• [Work to complete]
In how many lines of the records does the word "công" appear? Reply with the number and nothing else.

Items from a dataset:
= Beginning of Section =
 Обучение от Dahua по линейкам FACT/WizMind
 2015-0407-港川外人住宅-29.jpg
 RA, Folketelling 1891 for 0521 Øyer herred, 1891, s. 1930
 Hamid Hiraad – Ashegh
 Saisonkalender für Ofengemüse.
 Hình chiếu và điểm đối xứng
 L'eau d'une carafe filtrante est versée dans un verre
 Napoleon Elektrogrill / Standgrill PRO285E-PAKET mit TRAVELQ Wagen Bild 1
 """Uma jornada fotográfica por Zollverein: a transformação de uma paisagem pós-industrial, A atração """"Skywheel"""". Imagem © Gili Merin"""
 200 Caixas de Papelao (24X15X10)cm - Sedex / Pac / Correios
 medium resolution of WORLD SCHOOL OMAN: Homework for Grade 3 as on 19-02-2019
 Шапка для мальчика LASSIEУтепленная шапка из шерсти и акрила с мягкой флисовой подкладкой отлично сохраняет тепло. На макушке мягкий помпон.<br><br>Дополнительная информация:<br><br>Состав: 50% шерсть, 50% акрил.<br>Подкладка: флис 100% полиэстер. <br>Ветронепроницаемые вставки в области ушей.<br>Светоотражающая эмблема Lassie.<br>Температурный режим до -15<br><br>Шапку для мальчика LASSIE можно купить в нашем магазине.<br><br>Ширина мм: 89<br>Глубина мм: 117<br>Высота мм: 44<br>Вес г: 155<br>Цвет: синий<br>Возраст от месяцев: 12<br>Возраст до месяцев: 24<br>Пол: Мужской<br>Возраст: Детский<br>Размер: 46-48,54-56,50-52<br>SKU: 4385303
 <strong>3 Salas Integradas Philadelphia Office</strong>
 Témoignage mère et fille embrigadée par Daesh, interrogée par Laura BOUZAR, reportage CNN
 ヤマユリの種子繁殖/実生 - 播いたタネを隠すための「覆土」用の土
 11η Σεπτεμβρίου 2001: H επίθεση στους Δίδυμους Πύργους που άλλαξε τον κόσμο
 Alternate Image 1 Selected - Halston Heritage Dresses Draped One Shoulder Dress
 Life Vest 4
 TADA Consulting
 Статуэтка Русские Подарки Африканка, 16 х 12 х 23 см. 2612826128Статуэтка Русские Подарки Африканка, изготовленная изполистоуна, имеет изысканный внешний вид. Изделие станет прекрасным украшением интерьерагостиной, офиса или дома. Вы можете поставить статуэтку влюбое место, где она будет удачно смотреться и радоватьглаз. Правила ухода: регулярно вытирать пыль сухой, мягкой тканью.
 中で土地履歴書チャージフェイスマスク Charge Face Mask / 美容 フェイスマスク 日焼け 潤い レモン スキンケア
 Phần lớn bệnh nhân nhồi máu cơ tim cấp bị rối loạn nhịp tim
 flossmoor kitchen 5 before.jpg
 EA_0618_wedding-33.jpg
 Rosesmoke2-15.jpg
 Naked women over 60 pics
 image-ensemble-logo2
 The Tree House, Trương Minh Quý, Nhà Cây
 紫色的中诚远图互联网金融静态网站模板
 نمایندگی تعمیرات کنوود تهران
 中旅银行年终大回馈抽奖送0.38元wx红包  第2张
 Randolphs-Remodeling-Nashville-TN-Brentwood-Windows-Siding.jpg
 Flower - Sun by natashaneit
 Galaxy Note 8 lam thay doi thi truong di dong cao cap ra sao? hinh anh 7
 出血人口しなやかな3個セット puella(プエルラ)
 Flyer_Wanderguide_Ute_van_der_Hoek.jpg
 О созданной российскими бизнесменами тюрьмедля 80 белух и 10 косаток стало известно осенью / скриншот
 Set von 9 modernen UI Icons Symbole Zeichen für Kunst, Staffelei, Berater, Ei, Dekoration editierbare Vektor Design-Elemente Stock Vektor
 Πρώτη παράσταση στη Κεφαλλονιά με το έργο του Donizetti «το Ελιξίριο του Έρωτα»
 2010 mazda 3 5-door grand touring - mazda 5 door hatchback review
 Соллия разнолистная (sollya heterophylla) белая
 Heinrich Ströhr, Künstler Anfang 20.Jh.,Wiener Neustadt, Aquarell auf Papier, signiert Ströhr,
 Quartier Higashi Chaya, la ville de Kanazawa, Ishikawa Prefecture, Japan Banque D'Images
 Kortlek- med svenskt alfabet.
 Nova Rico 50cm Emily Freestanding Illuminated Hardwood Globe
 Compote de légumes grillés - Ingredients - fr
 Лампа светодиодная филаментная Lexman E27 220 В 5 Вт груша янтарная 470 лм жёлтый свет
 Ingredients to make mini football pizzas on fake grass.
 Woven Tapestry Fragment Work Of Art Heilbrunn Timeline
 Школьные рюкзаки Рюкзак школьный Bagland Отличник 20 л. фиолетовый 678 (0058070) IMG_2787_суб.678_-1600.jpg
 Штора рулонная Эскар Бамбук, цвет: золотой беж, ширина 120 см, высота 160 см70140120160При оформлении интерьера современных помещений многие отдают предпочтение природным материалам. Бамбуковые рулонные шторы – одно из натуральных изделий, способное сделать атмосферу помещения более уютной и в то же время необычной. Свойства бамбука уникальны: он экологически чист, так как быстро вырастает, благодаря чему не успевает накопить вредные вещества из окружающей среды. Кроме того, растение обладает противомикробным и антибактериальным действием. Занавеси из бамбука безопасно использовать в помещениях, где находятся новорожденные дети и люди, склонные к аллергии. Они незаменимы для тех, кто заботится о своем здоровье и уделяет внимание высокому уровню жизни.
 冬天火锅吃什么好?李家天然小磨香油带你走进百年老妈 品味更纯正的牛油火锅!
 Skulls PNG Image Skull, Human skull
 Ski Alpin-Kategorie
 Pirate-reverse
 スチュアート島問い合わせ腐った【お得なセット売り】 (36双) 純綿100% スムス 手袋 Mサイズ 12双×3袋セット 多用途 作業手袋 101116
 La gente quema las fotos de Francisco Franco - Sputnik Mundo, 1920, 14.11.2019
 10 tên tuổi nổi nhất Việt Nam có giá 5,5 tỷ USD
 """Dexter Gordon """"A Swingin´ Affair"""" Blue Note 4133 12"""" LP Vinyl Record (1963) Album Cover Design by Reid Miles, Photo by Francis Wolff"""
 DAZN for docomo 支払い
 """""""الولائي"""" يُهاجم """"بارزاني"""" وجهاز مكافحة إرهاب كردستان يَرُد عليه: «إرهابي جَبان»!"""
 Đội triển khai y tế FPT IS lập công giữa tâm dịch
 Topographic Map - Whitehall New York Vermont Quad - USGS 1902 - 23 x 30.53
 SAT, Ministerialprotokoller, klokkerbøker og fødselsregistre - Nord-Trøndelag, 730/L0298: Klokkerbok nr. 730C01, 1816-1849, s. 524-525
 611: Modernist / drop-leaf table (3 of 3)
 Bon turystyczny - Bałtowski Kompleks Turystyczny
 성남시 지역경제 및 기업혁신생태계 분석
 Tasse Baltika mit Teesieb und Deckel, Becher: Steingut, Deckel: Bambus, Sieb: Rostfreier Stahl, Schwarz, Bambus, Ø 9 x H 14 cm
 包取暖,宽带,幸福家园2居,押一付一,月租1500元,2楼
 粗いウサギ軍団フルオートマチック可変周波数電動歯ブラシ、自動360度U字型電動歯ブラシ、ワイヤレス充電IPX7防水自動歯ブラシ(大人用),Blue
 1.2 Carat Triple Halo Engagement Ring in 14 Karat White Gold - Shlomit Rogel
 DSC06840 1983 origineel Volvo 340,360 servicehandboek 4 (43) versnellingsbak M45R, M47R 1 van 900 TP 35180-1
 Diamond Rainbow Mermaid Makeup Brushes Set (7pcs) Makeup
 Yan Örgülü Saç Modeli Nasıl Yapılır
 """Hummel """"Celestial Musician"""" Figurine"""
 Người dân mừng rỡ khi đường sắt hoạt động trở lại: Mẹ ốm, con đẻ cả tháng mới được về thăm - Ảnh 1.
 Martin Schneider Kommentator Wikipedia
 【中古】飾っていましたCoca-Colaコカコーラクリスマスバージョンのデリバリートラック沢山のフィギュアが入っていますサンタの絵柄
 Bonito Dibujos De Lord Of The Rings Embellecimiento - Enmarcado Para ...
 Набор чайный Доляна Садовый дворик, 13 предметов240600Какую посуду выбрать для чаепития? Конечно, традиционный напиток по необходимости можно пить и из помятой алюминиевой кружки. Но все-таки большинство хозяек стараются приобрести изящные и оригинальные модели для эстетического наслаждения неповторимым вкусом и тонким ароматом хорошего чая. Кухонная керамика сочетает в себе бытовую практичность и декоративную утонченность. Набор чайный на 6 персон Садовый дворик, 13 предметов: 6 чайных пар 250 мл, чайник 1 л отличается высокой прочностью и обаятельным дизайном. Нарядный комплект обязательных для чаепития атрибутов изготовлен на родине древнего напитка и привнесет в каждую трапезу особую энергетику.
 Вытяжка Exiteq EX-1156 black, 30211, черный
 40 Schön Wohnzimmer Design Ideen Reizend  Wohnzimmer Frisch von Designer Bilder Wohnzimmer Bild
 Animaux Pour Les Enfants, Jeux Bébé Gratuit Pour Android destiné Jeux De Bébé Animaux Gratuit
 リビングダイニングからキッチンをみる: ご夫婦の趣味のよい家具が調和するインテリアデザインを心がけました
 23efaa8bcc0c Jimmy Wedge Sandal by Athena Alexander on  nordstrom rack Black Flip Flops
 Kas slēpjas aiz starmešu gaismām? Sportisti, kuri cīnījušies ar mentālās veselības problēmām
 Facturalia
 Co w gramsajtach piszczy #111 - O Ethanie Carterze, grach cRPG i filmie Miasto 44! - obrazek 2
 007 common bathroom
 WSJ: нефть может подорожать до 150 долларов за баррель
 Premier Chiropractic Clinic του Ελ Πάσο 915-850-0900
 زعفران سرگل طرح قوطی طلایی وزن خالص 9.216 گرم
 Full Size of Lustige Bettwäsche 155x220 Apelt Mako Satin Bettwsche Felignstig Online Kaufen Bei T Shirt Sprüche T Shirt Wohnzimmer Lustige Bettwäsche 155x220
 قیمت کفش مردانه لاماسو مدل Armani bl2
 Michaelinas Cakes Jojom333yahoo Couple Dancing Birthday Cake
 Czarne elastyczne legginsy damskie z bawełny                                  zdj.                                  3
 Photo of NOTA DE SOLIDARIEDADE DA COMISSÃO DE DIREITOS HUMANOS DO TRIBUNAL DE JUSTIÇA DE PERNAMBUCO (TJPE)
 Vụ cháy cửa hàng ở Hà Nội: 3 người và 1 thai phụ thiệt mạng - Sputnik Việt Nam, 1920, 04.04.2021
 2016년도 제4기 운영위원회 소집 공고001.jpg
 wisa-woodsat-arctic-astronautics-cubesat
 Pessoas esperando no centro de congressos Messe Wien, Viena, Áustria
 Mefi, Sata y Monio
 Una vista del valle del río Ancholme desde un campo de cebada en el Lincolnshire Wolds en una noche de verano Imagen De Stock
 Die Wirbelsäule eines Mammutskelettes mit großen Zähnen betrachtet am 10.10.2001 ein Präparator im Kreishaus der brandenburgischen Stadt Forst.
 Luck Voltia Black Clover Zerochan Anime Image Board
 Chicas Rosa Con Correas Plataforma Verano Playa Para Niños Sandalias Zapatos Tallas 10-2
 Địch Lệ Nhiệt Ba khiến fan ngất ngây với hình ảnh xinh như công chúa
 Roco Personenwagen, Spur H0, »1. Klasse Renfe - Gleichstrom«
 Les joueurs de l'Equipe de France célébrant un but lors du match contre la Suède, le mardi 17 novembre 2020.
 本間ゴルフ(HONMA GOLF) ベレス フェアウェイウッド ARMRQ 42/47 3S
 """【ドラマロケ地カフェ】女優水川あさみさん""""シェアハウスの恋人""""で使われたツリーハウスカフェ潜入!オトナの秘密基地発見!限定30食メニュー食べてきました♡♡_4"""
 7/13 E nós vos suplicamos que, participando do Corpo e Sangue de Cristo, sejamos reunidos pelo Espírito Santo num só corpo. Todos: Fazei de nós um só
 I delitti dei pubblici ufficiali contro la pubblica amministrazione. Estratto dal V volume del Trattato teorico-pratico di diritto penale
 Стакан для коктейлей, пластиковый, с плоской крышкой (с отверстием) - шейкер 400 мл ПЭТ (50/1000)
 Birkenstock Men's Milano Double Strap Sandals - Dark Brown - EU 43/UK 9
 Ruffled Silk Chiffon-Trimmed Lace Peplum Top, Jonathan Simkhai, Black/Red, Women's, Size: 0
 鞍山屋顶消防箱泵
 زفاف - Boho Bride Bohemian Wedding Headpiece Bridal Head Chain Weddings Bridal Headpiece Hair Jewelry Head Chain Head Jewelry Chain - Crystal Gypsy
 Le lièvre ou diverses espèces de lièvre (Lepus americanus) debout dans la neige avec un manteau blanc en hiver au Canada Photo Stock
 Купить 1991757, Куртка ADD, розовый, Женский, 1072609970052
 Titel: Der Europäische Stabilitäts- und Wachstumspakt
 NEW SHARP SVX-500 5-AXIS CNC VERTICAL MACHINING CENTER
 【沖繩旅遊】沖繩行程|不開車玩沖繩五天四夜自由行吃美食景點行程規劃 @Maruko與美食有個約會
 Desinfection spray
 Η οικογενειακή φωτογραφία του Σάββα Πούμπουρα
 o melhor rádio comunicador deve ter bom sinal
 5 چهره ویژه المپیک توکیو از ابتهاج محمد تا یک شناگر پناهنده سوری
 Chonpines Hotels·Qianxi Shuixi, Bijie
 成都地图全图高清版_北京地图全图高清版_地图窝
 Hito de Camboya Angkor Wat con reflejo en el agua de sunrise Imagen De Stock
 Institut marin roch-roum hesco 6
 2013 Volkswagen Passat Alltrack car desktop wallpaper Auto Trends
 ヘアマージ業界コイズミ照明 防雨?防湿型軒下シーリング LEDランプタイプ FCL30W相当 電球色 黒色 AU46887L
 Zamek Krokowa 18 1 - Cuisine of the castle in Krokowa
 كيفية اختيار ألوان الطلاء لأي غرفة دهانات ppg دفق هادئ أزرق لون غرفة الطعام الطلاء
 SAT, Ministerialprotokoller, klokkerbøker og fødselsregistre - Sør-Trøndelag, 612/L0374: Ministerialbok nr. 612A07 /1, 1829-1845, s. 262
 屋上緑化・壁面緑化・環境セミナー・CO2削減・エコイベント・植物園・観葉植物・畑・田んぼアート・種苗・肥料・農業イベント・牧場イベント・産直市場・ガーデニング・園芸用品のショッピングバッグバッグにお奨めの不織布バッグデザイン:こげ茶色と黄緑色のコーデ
= End of Section =
• [Exercise result]
2